**Source data:**
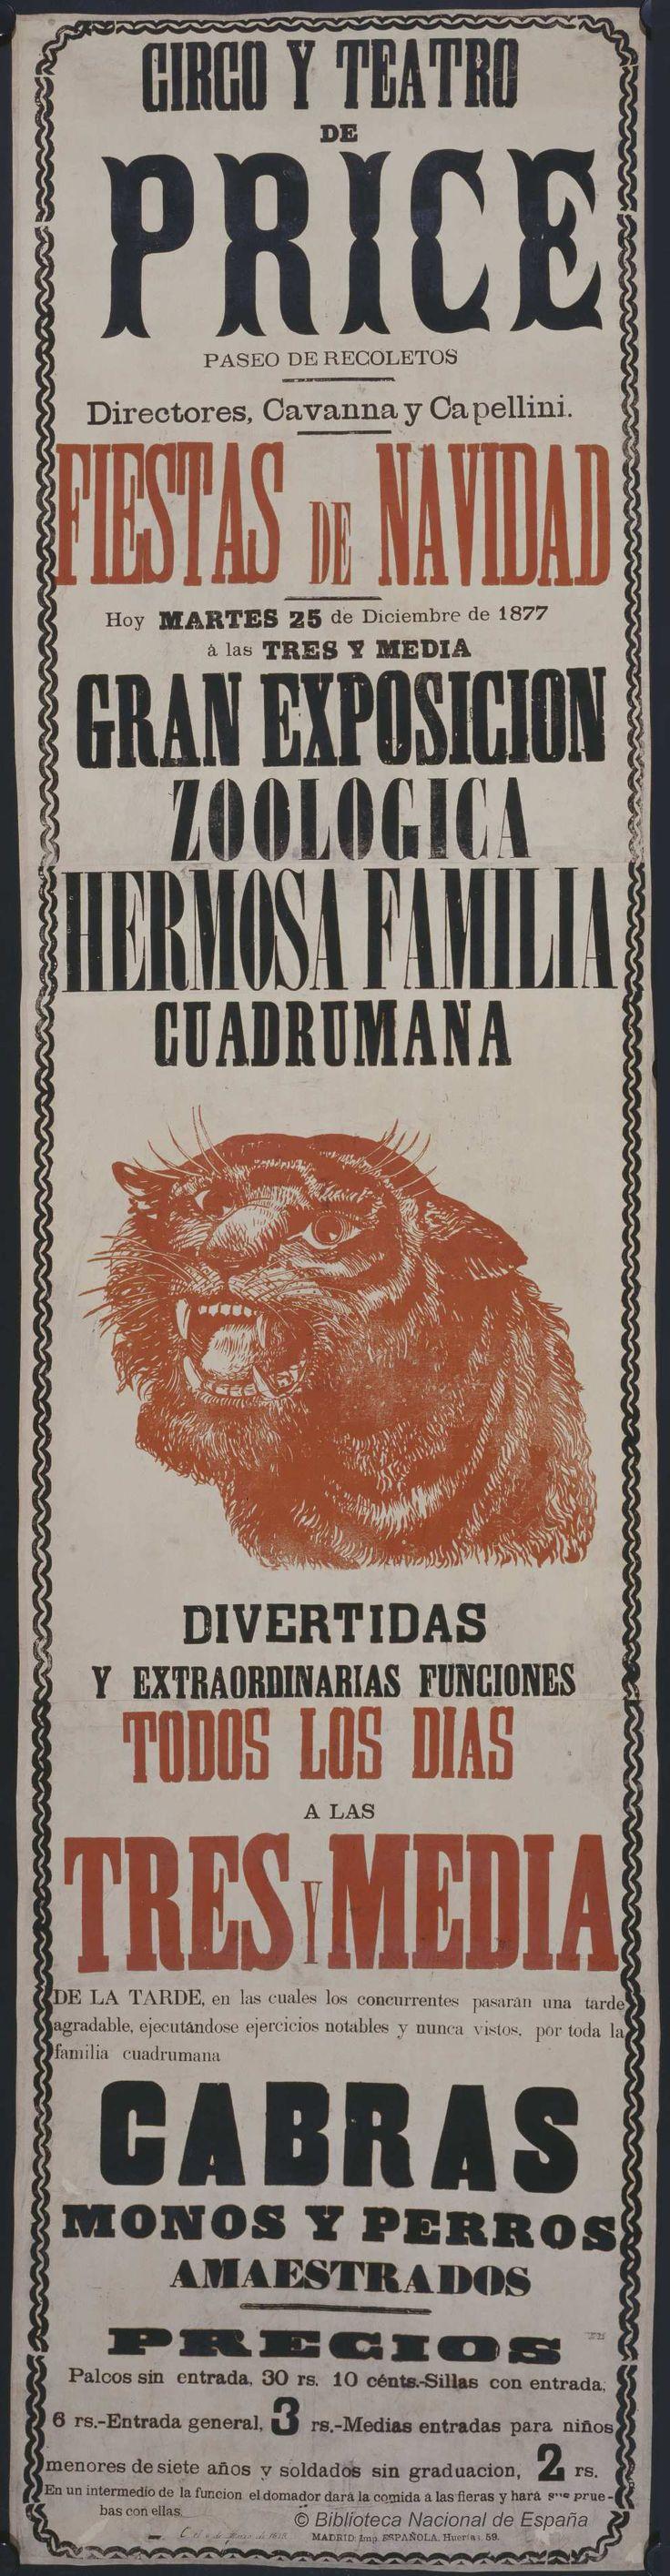 Gran exposición zoológica. Circo Price — Dibujos, grabados y fotografías — 1877 http://bdh-rd.bne.es/viewer.vm?id=0000018536
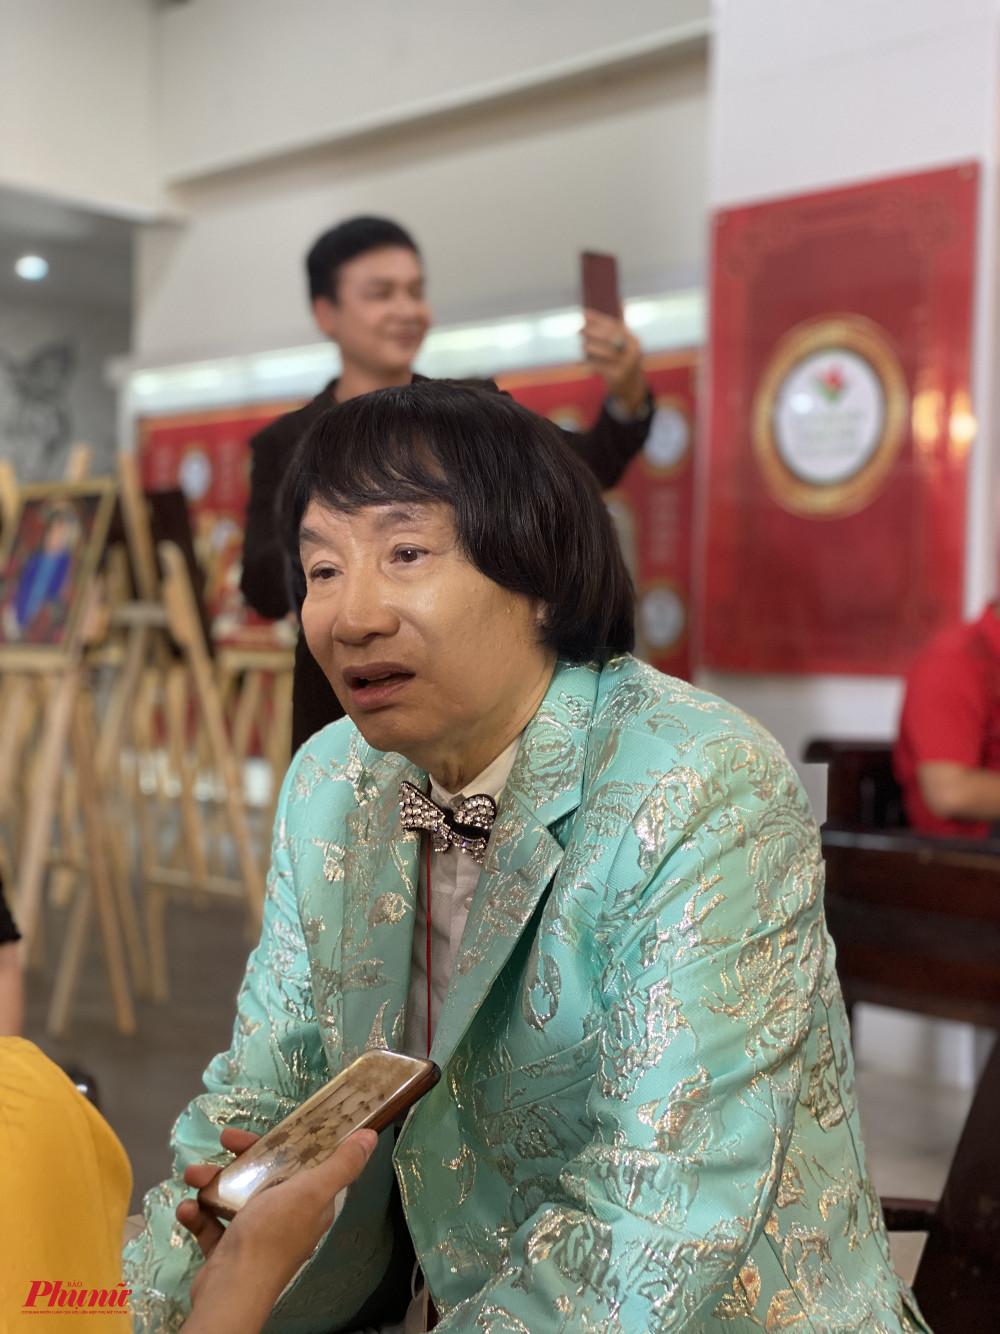 NSND Minh Vương tham gia lễ giổ tổ sân khấu được tổ chức sớm tại Nhà Văn hoá Thanh niên TPHCM hôm 26/9
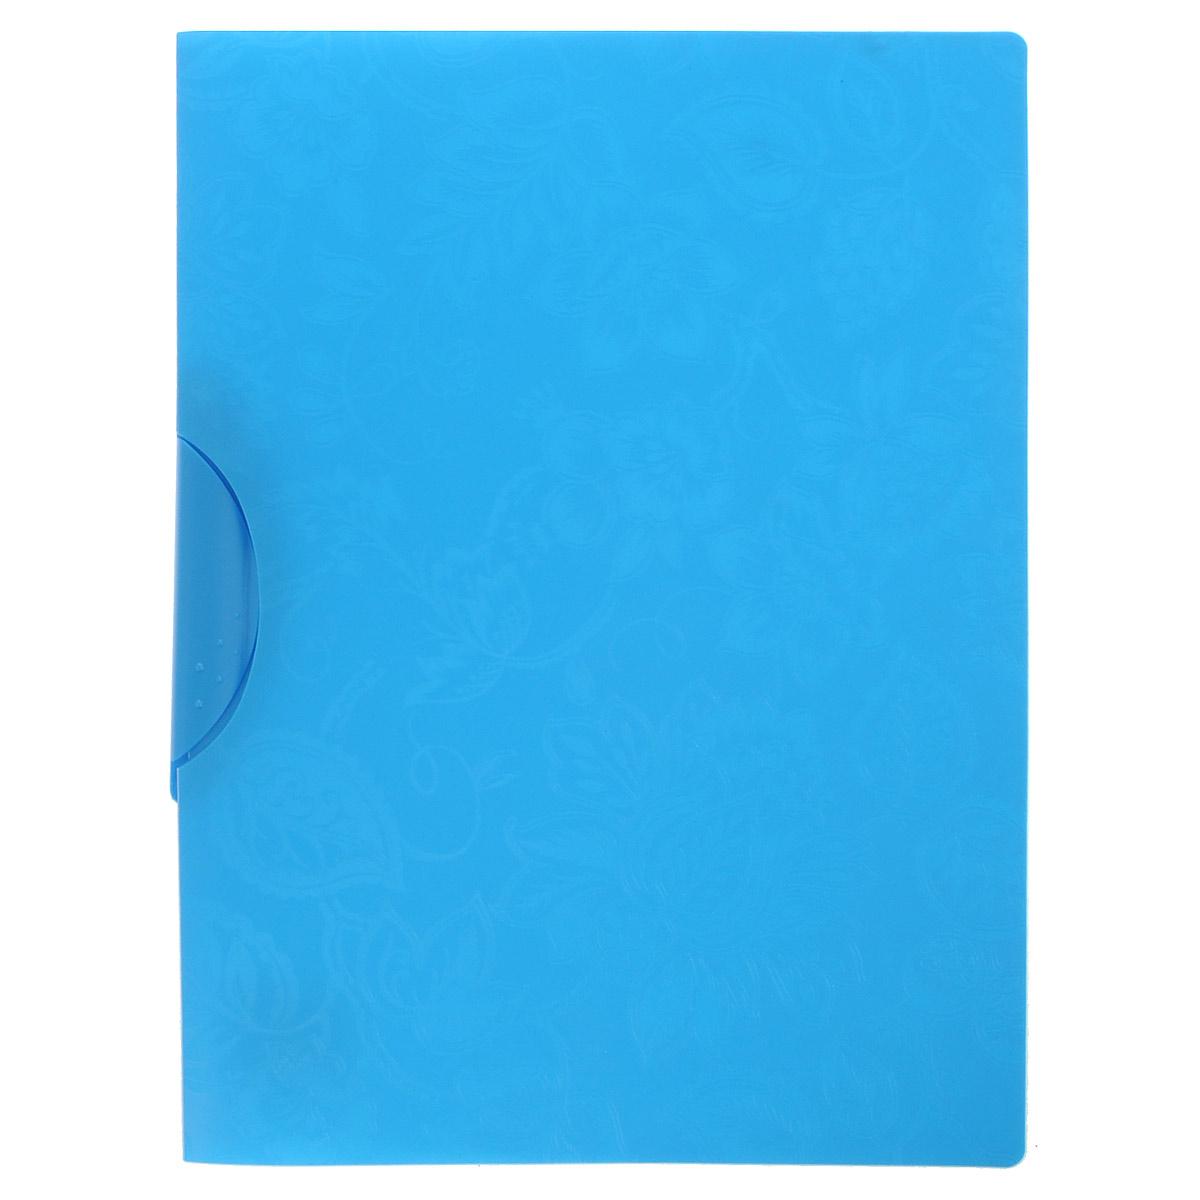 Папка с клипом Centrum Лотос, цвет: голубой, формат А4AFZA5-4Папка с клипом Centrum Лотос - это удобный и практичный офисный инструмент, предназначенный для хранения и транспортировки неперфорированных рабочих бумаг и документов формата А4. Она изготовлена из прочного пластика и оснащена боковым поворотным клипом, позволяющим фиксировать неперфорированные листы. Папка - это незаменимый атрибут для студента, школьника, офисного работника. Такая папка практична в использовании и надежно сохранит ваши документы и сбережет их от повреждений, пыли и влаги.
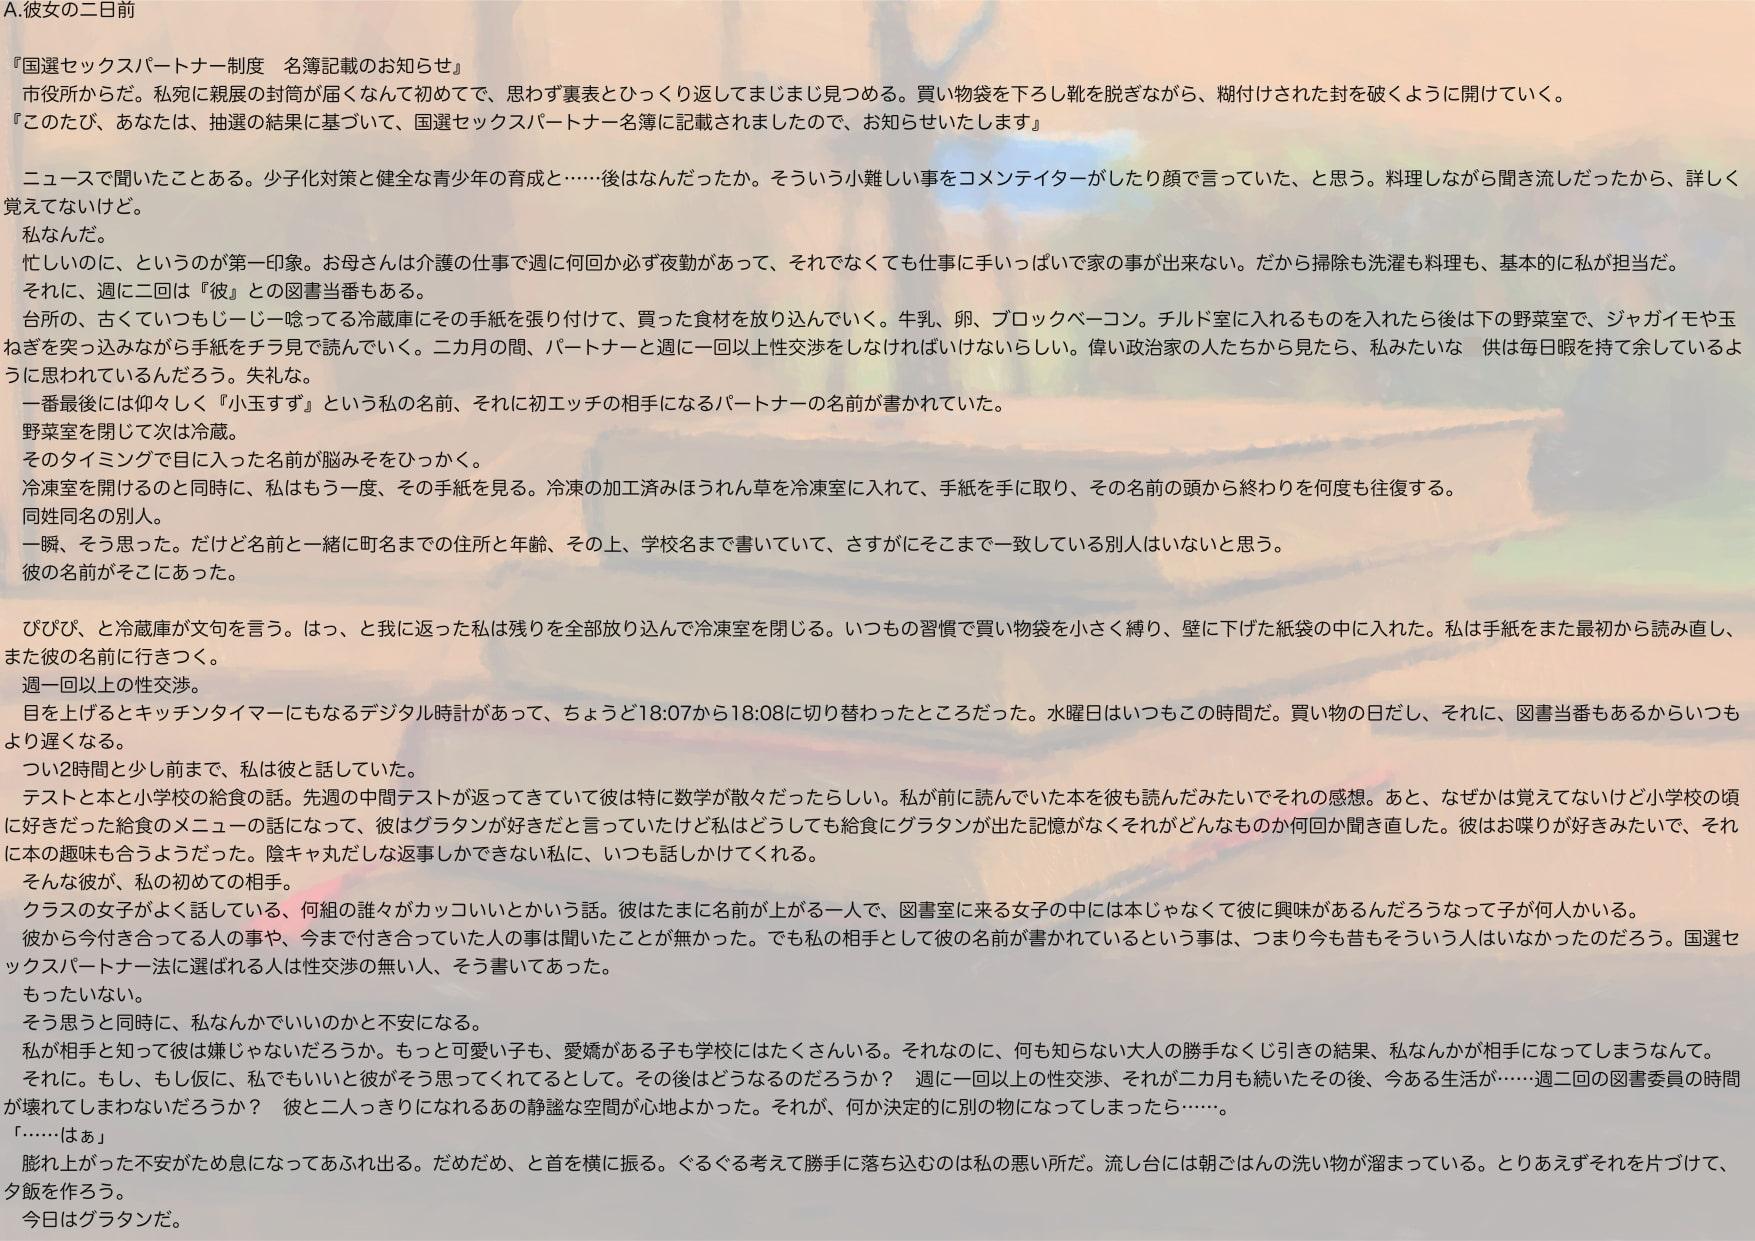 【ダウナー×甘々】陰キャで巨乳な図書委員と政府公認エッチ 〜国選セックスパートナー法〜 [スイス堂]
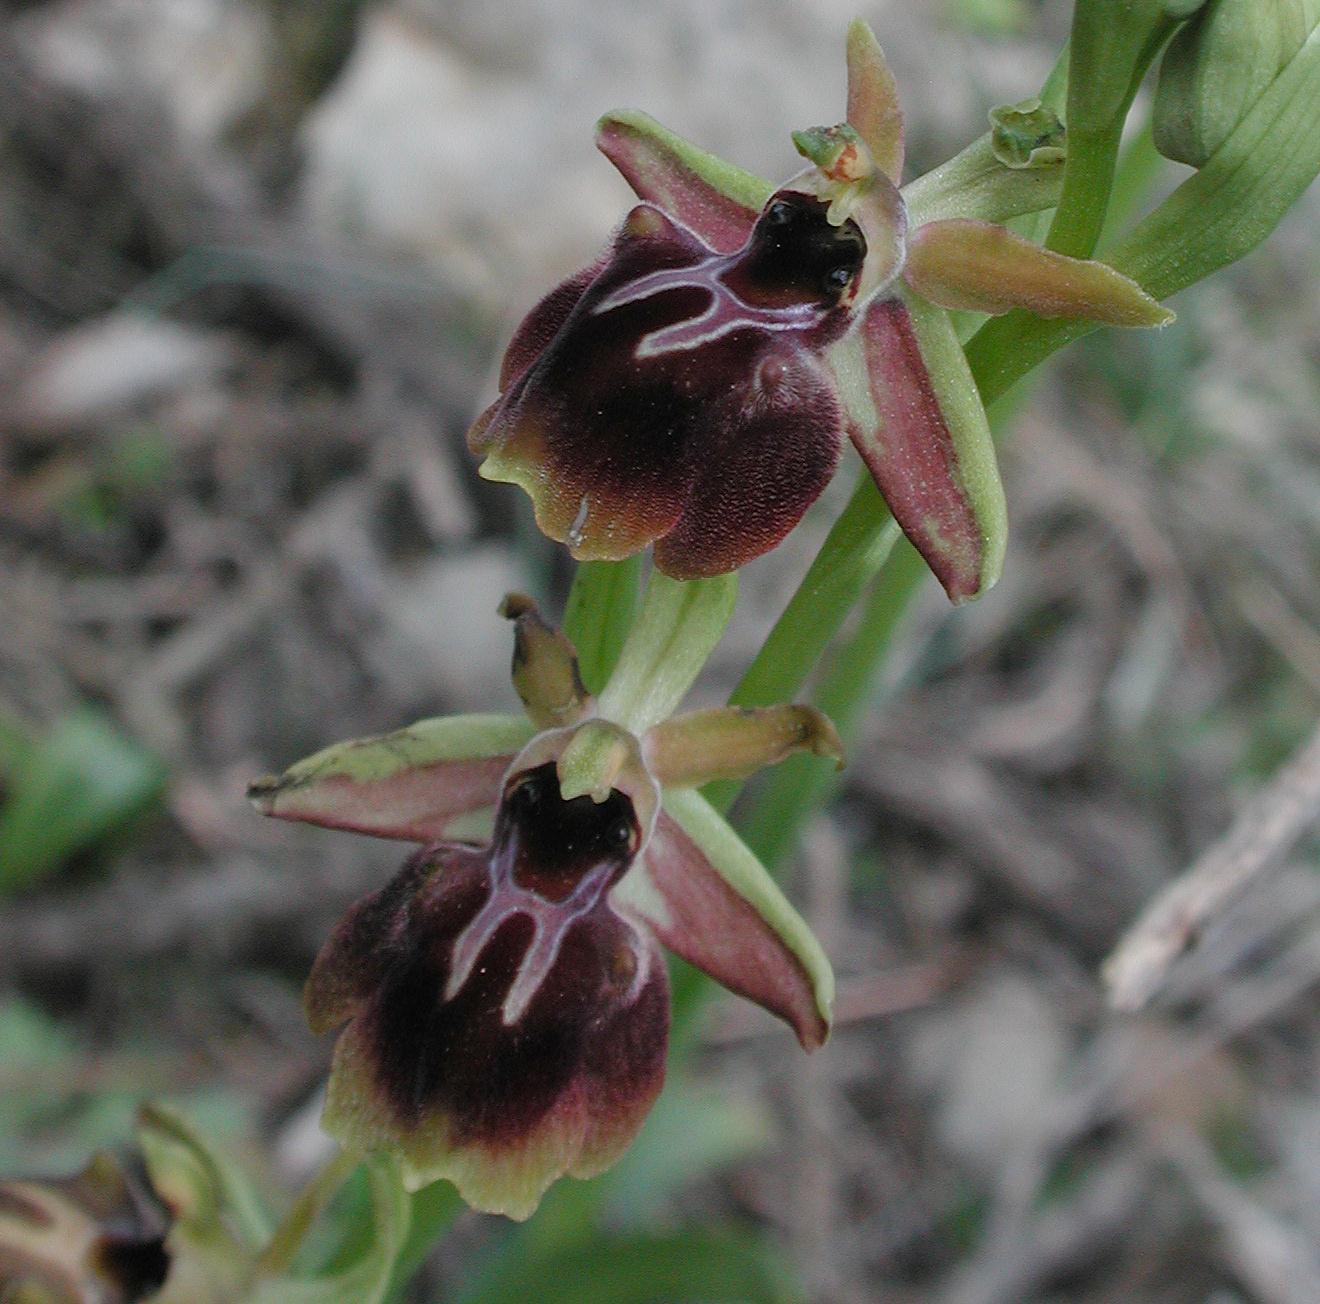 Ophrys aesculapiiformis

**YOUR OBJECTIVE:** Keeping every word as it is, write out all the data and omit the pictures.

**OUTPUT:**
 Gran exposición zoológica. Circo Price — Dibujos, grabados y fotografías — 1877 http://bdh-rd.bne.es/viewer.vm?id=0000018536
 NSND Minh Vương tham gia lễ giổ tổ sân khấu được tổ chức sớm tại Nhà Văn hoá Thanh niên TPHCM hôm 26/9
 Папка с клипом Centrum Лотос, цвет: голубой, формат А4AFZA5-4Папка с клипом Centrum Лотос - это удобный и практичный офисный инструмент, предназначенный для хранения и транспортировки неперфорированных рабочих бумаг и документов формата А4. Она изготовлена из прочного пластика и оснащена боковым поворотным клипом, позволяющим фиксировать неперфорированные листы. Папка - это незаменимый атрибут для студента, школьника, офисного работника. Такая папка практична в использовании и надежно сохранит ваши документы и сбережет их от повреждений, пыли и влаги.
 【ダウナー×甘々】陰キャで巨乳な図書委員と政府公認エッチ 〜国選セックスパートナー法〜 [スイス堂]
 Ophrys aesculapiiformis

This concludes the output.